I’m expanding my career from Senior Data Engineer to LLM / Generative AI Specialist. This page documents my journey, broken into weekly milestones — each link goes deeper into my hands-on work, code, and reflections..
Phase 1: Core AI & LLM Foundations (Months 1–2)
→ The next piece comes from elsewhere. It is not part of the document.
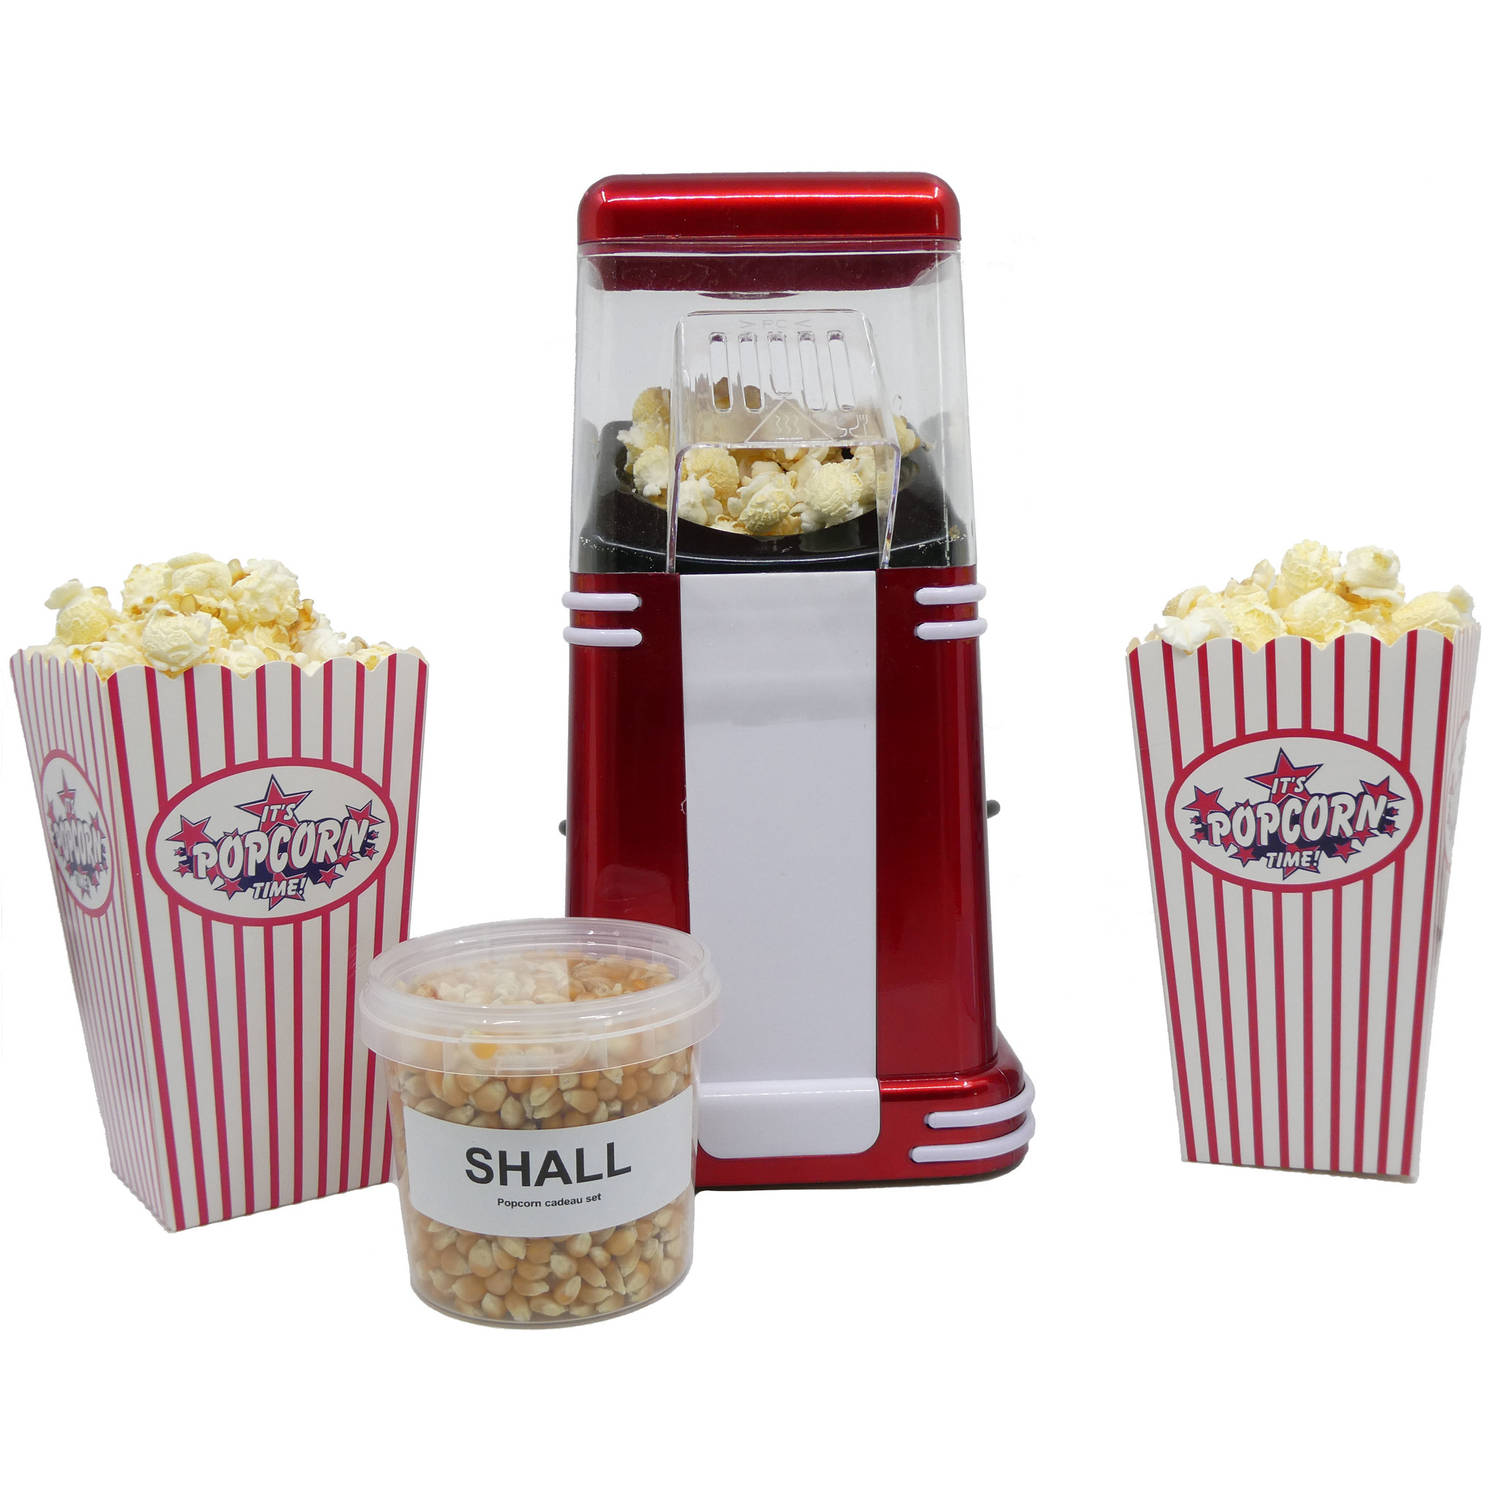 Popcornmachine rood met wit retro model - cadeau set

- Week 1 → [Data Loading, Tokenization & Embeddings Playground] Build the foundation by preparing text datasets, applying tokenization, and setting up embeddings. Then trained word embeddings (Word2Vec-style) and visualize how words cluster semantically in vector space
- Week 2 → [Attention Mechanism from Scratch] Implement scaled dot-product attention (Queries, Keys, Values). Visualize attention heatmaps.
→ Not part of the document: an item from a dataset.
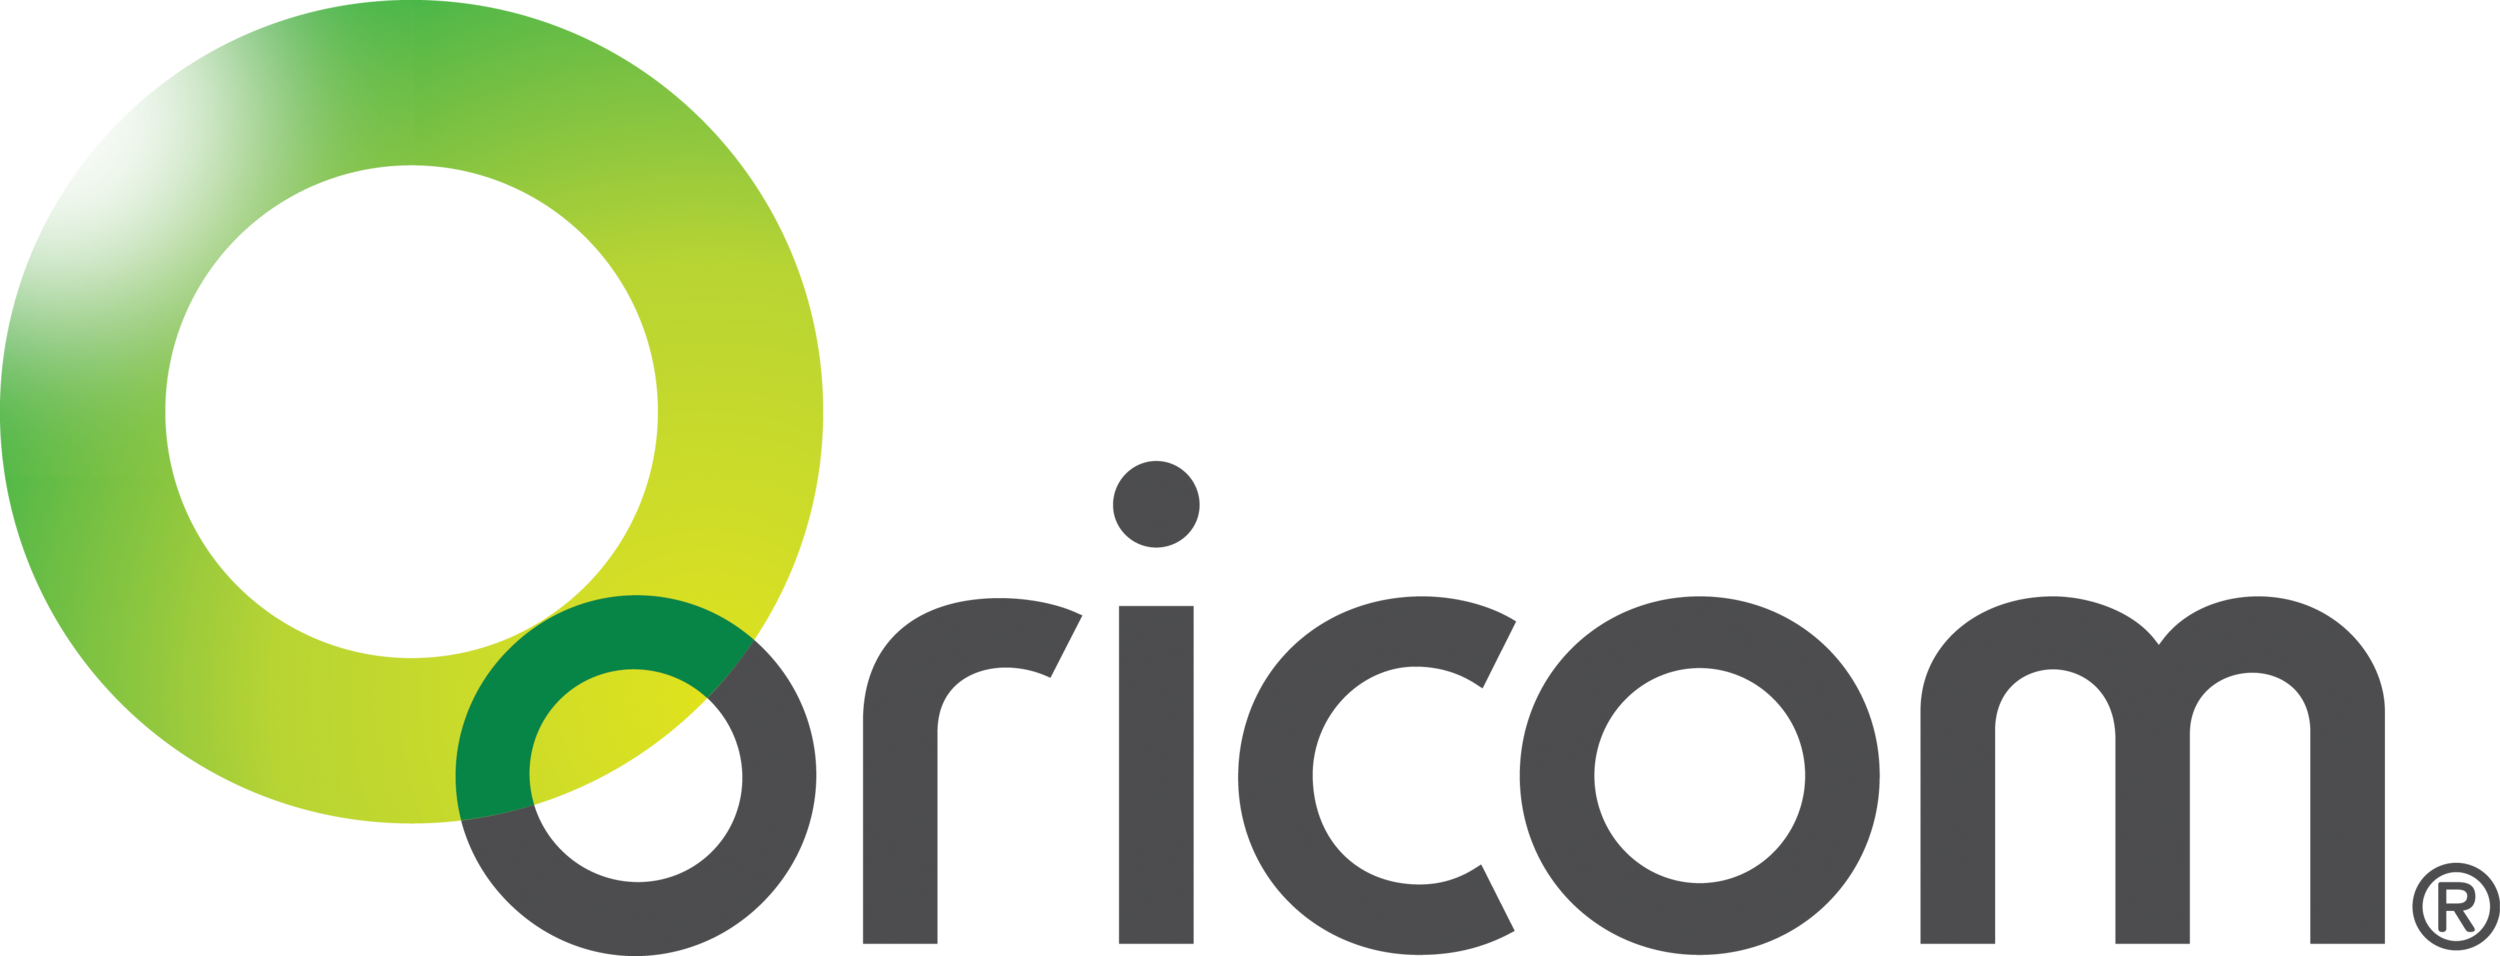 Oricom Logo vector.png

- Week 3 → [Multi-Head Attention & Mini Transformer Block] Extend attention into multi-heads, added feed-forward networks and layer normalization.
- Week 4 → [Mini-GPT: Character-Level Language Model] Build a decoder-only Transformer, trained it on a small dataset, and generate Shakespeare-style text.
Phase 2: RAG & Applied LLMs (Months 3–4)
- [Company Knowledge Bot with RAG] Connect an LLM to external documents using embeddings + vector search (FAISS/Pinecone).
- [Semantic Search Demo] Build semantic search over custom text collections.
Phase 3: Agents & Tool Use (Months 5–6)
- [Multi-Agent Research Assistant] Build LLM agents that plan, retrieve, and summarize collaboratively.
Phase 4: Fine-Tuning & Deployment (Months 7–10)
- [Fine-Tuned Domain LLM] Customize a small open-source model for domain-specific tasks (classification + Q&A).
- [Deployed RAG Chatbot] Package a chatbot with FastAPI + Docker, deployed to the cloud.
Phase 5: Deployment & Scaling (Months 11-12)
- [Deploying Models on AWS , Azure, GCP + Scaling Inference] Containerize Hugging Face models, deploy via AWS SageMaker / Lambda & Azure ML / Container Apps. Explore autoscaling + cost optimization.
- [TensorRT for Optimized Inference] Convert a Hugging Face model (e.g., DistilBERT or GPT-2 small) into ONNX → TensorRT engine. Run benchmarks comparing PyTorch vs ONNX vs TensorRT inference latency. Deploy a TensorRT-optimized model in Docker on cloud GPU (AWS EC2 G4/G5, Azure NV-series, or GCP GPU).. —
Phase 6: Branding & Consulting (Months 12–15)
- [Portfolio Wrap-Up] Compile projects into case studies, document consulting-ready AI solutions, and published learnings.